Directions for this task — Return all of the data exactly as given.

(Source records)
┏━━
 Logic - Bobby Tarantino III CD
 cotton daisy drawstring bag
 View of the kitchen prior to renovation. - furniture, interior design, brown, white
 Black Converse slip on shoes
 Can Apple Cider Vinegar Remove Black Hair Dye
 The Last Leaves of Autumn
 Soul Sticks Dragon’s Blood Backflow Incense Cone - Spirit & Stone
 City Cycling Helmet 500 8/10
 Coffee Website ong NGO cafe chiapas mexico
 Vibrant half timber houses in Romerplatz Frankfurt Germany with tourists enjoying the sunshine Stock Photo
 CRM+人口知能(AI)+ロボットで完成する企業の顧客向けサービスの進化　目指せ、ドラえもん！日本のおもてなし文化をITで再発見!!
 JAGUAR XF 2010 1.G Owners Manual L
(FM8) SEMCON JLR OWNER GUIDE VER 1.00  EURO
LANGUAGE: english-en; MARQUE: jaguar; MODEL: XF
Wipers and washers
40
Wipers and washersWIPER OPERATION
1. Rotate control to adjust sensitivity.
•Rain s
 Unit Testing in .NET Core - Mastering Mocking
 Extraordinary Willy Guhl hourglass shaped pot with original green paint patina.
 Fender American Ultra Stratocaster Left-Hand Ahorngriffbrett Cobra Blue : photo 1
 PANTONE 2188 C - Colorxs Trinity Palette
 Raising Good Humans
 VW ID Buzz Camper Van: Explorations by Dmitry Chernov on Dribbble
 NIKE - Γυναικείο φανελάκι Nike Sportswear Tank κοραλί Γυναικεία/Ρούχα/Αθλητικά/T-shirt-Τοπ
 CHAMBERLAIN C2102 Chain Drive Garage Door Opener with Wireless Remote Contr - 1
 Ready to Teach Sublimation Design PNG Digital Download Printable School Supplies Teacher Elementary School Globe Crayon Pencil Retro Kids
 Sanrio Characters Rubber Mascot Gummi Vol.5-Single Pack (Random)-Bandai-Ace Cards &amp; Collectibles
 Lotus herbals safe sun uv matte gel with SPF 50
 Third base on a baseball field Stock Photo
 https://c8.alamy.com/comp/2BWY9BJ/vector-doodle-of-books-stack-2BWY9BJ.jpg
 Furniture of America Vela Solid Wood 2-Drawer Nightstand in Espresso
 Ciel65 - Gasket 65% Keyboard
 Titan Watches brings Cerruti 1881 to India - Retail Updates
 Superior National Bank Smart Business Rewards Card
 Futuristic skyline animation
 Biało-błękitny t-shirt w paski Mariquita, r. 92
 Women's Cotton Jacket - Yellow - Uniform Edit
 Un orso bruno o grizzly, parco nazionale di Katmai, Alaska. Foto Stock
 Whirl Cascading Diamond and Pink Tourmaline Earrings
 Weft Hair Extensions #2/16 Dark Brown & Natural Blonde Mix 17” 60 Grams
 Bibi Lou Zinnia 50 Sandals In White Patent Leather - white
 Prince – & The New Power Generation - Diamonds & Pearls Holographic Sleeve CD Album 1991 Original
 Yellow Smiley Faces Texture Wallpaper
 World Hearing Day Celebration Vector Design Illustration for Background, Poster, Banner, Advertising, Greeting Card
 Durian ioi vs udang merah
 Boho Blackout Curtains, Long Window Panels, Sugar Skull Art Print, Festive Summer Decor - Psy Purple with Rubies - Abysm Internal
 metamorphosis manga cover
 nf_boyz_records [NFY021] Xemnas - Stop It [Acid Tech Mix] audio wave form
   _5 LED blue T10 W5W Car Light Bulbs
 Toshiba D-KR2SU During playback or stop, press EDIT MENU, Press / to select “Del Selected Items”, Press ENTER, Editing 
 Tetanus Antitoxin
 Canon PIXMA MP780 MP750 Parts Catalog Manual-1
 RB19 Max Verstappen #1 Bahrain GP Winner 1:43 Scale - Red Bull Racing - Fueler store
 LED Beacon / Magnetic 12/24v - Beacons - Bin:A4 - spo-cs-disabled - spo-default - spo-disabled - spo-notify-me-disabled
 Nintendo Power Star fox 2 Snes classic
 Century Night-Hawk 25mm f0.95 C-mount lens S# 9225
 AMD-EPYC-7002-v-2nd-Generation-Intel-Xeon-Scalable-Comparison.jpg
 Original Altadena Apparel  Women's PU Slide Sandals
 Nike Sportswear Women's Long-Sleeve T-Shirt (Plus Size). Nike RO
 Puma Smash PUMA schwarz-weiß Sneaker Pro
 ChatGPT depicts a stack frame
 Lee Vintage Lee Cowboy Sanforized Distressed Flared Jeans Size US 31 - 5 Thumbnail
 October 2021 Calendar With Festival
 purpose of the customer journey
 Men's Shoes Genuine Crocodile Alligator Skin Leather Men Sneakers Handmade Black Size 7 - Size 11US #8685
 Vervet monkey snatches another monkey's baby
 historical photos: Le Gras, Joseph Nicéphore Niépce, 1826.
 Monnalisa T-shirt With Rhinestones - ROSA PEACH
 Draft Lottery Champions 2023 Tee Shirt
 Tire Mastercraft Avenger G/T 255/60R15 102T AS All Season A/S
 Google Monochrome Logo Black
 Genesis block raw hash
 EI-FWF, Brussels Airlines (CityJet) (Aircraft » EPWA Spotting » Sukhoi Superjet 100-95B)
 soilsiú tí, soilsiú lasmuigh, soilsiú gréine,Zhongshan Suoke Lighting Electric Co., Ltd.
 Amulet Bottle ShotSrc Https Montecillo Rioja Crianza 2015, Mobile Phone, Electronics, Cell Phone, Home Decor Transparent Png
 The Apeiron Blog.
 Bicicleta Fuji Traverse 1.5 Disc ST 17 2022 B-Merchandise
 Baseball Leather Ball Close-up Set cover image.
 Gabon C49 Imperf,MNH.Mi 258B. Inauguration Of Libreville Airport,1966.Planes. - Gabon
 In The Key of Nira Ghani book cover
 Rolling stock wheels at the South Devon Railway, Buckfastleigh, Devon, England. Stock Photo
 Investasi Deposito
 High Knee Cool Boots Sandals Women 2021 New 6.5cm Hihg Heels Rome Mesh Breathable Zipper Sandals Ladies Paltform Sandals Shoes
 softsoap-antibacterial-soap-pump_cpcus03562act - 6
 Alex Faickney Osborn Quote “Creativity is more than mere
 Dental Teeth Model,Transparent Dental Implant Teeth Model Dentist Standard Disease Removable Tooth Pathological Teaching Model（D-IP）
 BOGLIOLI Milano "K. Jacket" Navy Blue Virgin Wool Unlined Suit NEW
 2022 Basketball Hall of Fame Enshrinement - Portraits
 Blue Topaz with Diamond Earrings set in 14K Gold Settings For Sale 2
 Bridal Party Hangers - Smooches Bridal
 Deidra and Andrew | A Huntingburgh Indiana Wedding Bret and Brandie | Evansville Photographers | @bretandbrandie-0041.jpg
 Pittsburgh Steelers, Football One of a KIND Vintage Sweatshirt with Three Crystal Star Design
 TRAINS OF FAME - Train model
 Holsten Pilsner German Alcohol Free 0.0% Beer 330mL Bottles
┗━━
Problem solution —
 Logic - Bobby Tarantino III CD
 cotton daisy drawstring bag
 View of the kitchen prior to renovation. - furniture, interior design, brown, white
 Black Converse slip on shoes
 Can Apple Cider Vinegar Remove Black Hair Dye
 The Last Leaves of Autumn
 Soul Sticks Dragon’s Blood Backflow Incense Cone - Spirit & Stone
 City Cycling Helmet 500 8/10
 Coffee Website ong NGO cafe chiapas mexico
 Vibrant half timber houses in Romerplatz Frankfurt Germany with tourists enjoying the sunshine Stock Photo
 CRM+人口知能(AI)+ロボットで完成する企業の顧客向けサービスの進化　目指せ、ドラえもん！日本のおもてなし文化をITで再発見!!
 JAGUAR XF 2010 1.G Owners Manual L
(FM8) SEMCON JLR OWNER GUIDE VER 1.00  EURO
LANGUAGE: english-en; MARQUE: jaguar; MODEL: XF
Wipers and washers
40
Wipers and washersWIPER OPERATION
1. Rotate control to adjust sensitivity.
•Rain s
 Unit Testing in .NET Core - Mastering Mocking
 Extraordinary Willy Guhl hourglass shaped pot with original green paint patina.
 Fender American Ultra Stratocaster Left-Hand Ahorngriffbrett Cobra Blue : photo 1
 PANTONE 2188 C - Colorxs Trinity Palette
 Raising Good Humans
 VW ID Buzz Camper Van: Explorations by Dmitry Chernov on Dribbble
 NIKE - Γυναικείο φανελάκι Nike Sportswear Tank κοραλί Γυναικεία/Ρούχα/Αθλητικά/T-shirt-Τοπ
 CHAMBERLAIN C2102 Chain Drive Garage Door Opener with Wireless Remote Contr - 1
 Ready to Teach Sublimation Design PNG Digital Download Printable School Supplies Teacher Elementary School Globe Crayon Pencil Retro Kids
 Sanrio Characters Rubber Mascot Gummi Vol.5-Single Pack (Random)-Bandai-Ace Cards &amp; Collectibles
 Lotus herbals safe sun uv matte gel with SPF 50
 Third base on a baseball field Stock Photo
 https://c8.alamy.com/comp/2BWY9BJ/vector-doodle-of-books-stack-2BWY9BJ.jpg
 Furniture of America Vela Solid Wood 2-Drawer Nightstand in Espresso
 Ciel65 - Gasket 65% Keyboard
 Titan Watches brings Cerruti 1881 to India - Retail Updates
 Superior National Bank Smart Business Rewards Card
 Futuristic skyline animation
 Biało-błękitny t-shirt w paski Mariquita, r. 92
 Women's Cotton Jacket - Yellow - Uniform Edit
 Un orso bruno o grizzly, parco nazionale di Katmai, Alaska. Foto Stock
 Whirl Cascading Diamond and Pink Tourmaline Earrings
 Weft Hair Extensions #2/16 Dark Brown & Natural Blonde Mix 17” 60 Grams
 Bibi Lou Zinnia 50 Sandals In White Patent Leather - white
 Prince – & The New Power Generation - Diamonds & Pearls Holographic Sleeve CD Album 1991 Original
 Yellow Smiley Faces Texture Wallpaper
 World Hearing Day Celebration Vector Design Illustration for Background, Poster, Banner, Advertising, Greeting Card
 Durian ioi vs udang merah
 Boho Blackout Curtains, Long Window Panels, Sugar Skull Art Print, Festive Summer Decor - Psy Purple with Rubies - Abysm Internal
 metamorphosis manga cover
 nf_boyz_records [NFY021] Xemnas - Stop It [Acid Tech Mix] audio wave form
   _5 LED blue T10 W5W Car Light Bulbs
 Toshiba D-KR2SU During playback or stop, press EDIT MENU, Press / to select “Del Selected Items”, Press ENTER, Editing 
 Tetanus Antitoxin
 Canon PIXMA MP780 MP750 Parts Catalog Manual-1
 RB19 Max Verstappen #1 Bahrain GP Winner 1:43 Scale - Red Bull Racing - Fueler store
 LED Beacon / Magnetic 12/24v - Beacons - Bin:A4 - spo-cs-disabled - spo-default - spo-disabled - spo-notify-me-disabled
 Nintendo Power Star fox 2 Snes classic
 Century Night-Hawk 25mm f0.95 C-mount lens S# 9225
 AMD-EPYC-7002-v-2nd-Generation-Intel-Xeon-Scalable-Comparison.jpg
 Original Altadena Apparel  Women's PU Slide Sandals
 Nike Sportswear Women's Long-Sleeve T-Shirt (Plus Size). Nike RO
 Puma Smash PUMA schwarz-weiß Sneaker Pro
 ChatGPT depicts a stack frame
 Lee Vintage Lee Cowboy Sanforized Distressed Flared Jeans Size US 31 - 5 Thumbnail
 October 2021 Calendar With Festival
 purpose of the customer journey
 Men's Shoes Genuine Crocodile Alligator Skin Leather Men Sneakers Handmade Black Size 7 - Size 11US #8685
 Vervet monkey snatches another monkey's baby
 historical photos: Le Gras, Joseph Nicéphore Niépce, 1826.
 Monnalisa T-shirt With Rhinestones - ROSA PEACH
 Draft Lottery Champions 2023 Tee Shirt
 Tire Mastercraft Avenger G/T 255/60R15 102T AS All Season A/S
 Google Monochrome Logo Black
 Genesis block raw hash
 EI-FWF, Brussels Airlines (CityJet) (Aircraft » EPWA Spotting » Sukhoi Superjet 100-95B)
 soilsiú tí, soilsiú lasmuigh, soilsiú gréine,Zhongshan Suoke Lighting Electric Co., Ltd.
 Amulet Bottle ShotSrc Https Montecillo Rioja Crianza 2015, Mobile Phone, Electronics, Cell Phone, Home Decor Transparent Png
 The Apeiron Blog.
 Bicicleta Fuji Traverse 1.5 Disc ST 17 2022 B-Merchandise
 Baseball Leather Ball Close-up Set cover image.
 Gabon C49 Imperf,MNH.Mi 258B. Inauguration Of Libreville Airport,1966.Planes. - Gabon
 In The Key of Nira Ghani book cover
 Rolling stock wheels at the South Devon Railway, Buckfastleigh, Devon, England. Stock Photo
 Investasi Deposito
 High Knee Cool Boots Sandals Women 2021 New 6.5cm Hihg Heels Rome Mesh Breathable Zipper Sandals Ladies Paltform Sandals Shoes
 softsoap-antibacterial-soap-pump_cpcus03562act - 6
 Alex Faickney Osborn Quote “Creativity is more than mere
 Dental Teeth Model,Transparent Dental Implant Teeth Model Dentist Standard Disease Removable Tooth Pathological Teaching Model（D-IP）
 BOGLIOLI Milano "K. Jacket" Navy Blue Virgin Wool Unlined Suit NEW
 2022 Basketball Hall of Fame Enshrinement - Portraits
 Blue Topaz with Diamond Earrings set in 14K Gold Settings For Sale 2
 Bridal Party Hangers - Smooches Bridal
 Deidra and Andrew | A Huntingburgh Indiana Wedding Bret and Brandie | Evansville Photographers | @bretandbrandie-0041.jpg
 Pittsburgh Steelers, Football One of a KIND Vintage Sweatshirt with Three Crystal Star Design
 TRAINS OF FAME - Train model
 Holsten Pilsner German Alcohol Free 0.0% Beer 330mL Bottles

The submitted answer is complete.